Stocks that trade below their intrinsic valuation are typically considered value stocks. With the stock market down 8% below all-time highs, investors can go bottom fishing and identify several value stocks right now.
Here are two top Canadian value stocks you can consider buying in May 2023.
EQB Inc. stock
A company operating in the financial services space, EQB Inc. (TSX:EQB) has two primary business segments that include personal banking and commercial banking.
Its personal banking business serves close to 500,000 Canadians with loans under management totaling $32 billion. Here, it offers products such as mortgage loans, home equity lines of credit, insurance lending, and reverse mortgages. The loans under management for its commercial business are close to $26 billion.
In recent months, a difficult macro-environment has dragged shares of EQB lower by 25% from all-time highs, valuing the company at a market cap of $2.3 billion.
Despite a challenging macro environment, EQB reported an adjusted net income of $101.7 million in the first quarter (Q1) of 2023, which was a quarterly record for the company. Comparatively, its revenue soared 40% to $264.6 million, driven by lending growth, net interest margin expansion, and higher non-interest revenue.

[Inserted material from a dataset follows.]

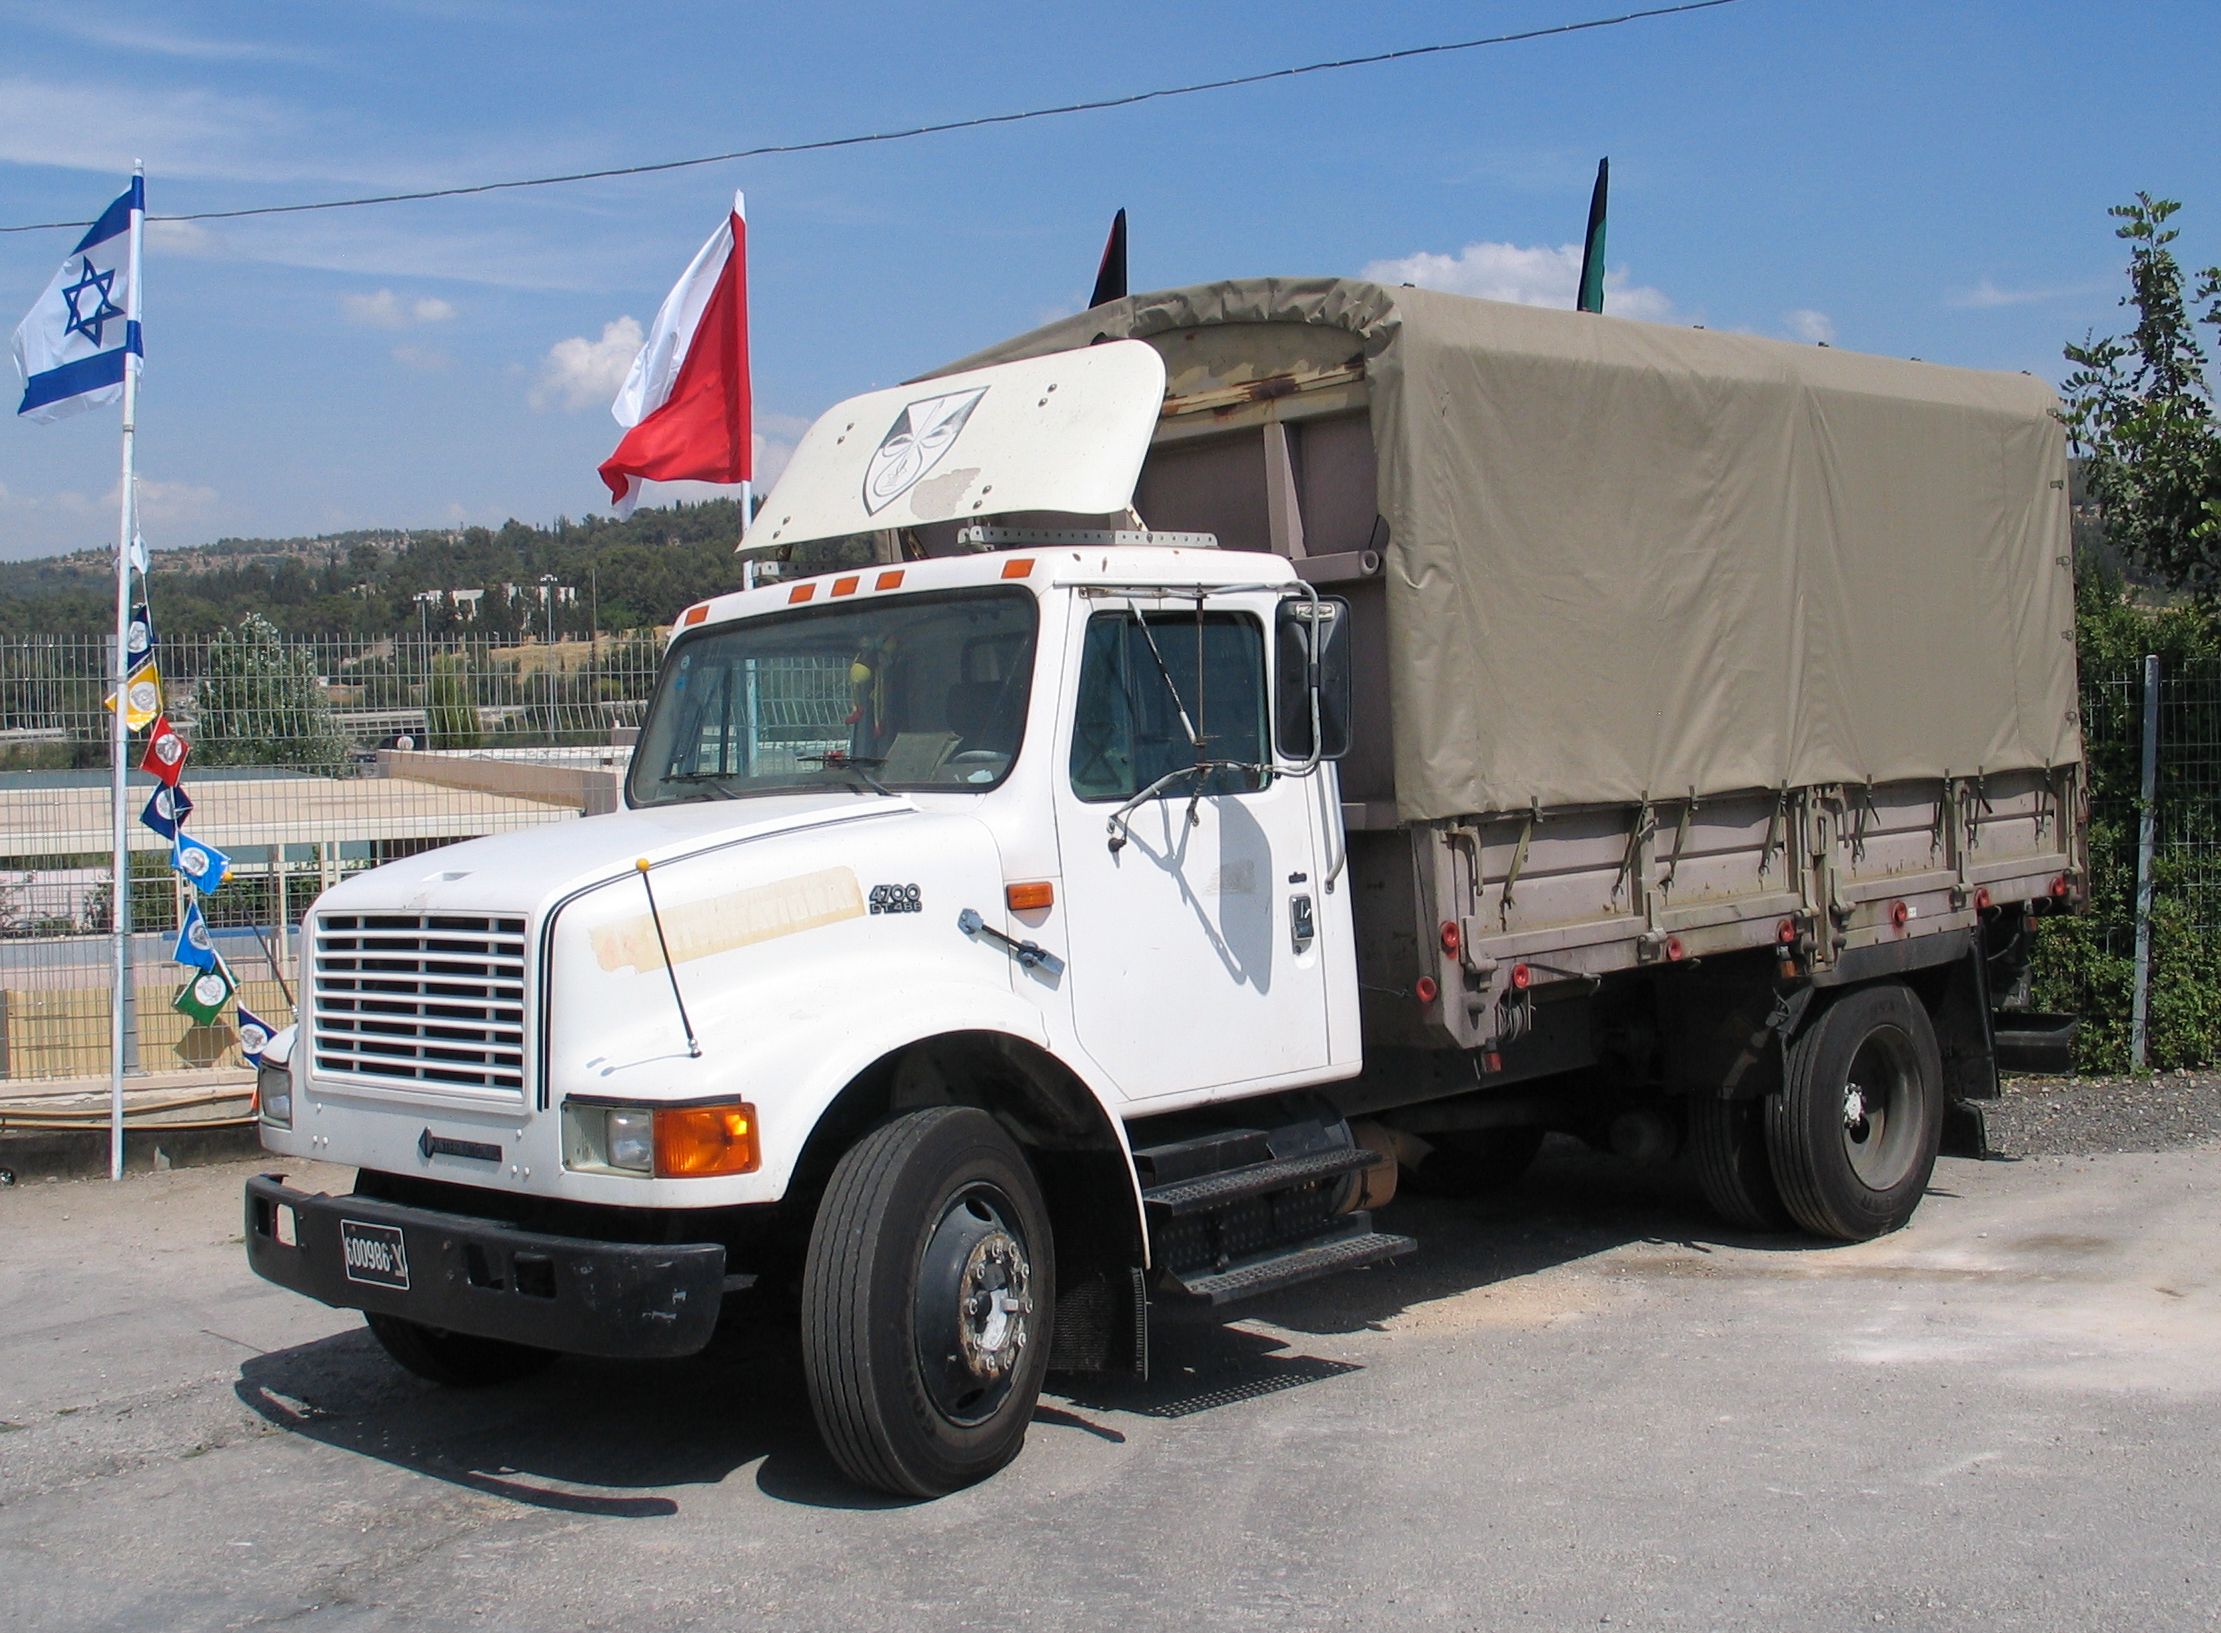 File:International-truck-id2008.jpg - Wikimedia Commons

EQB stock has returned 281% to shareholders in the last 10 years, after adjusting for dividends, while the TSX index is up just 132% in this period. The Canadian bank stock remains a compelling bet, given it is priced at six times forward earnings, which is very cheap.
Analysts, in fact, expect EQB stock to increase adjusted earnings by 19.5% annually in the next five years, which should support dividend increases too.
EQB stock offers investors a dividend of $1.40 per share, translating to a yield of 2.4%. These payouts have increased by 13.8% annually in the last 15 years. Analysts remain bullish on EQB stock and expect it to gain 30% in the next 12 months.
Alimentation Couche-Tard
A TSX giant, Alimentation Couche-Tard (TSX:ATD) is valued at a market of $66 billion. ATD stock has surged by a staggering 5,800% in the last 20 years, creating massive wealth for long-term shareholders.
The retail heavyweight opened its first store in Quebec back in 1980 and has since expanded its presence at a rapid clip. It entered the U.S. in 2001 and gained traction in Europe in 2012. ATD continues to enter new markets, fueling its top-line growth and margin expansion.
With a coast-to-coast presence in Canada, ATD’s retail outlets are already located in 47 of the 50 states south of the border. It ended fiscal Q3 of 2023 with more than 14,000 stores in operation in 24 countries.
The company has a strong track record of successful integrations and post-merger synergies. It continues to look for accretive acquisitions and aims to grow in regions such as the U.S. and Asia.
ATD’s robust cash flow generation has supported capital expenditures and growth plans. It has also allowed ATD to increase dividends by 25% annually in the last decade.
ATD stock is priced at 17 times forward earnings, which is quite reasonable for a growth stock. Analysts expect shares of this blue-chip TSX company to gain over 10% in the next 12 months.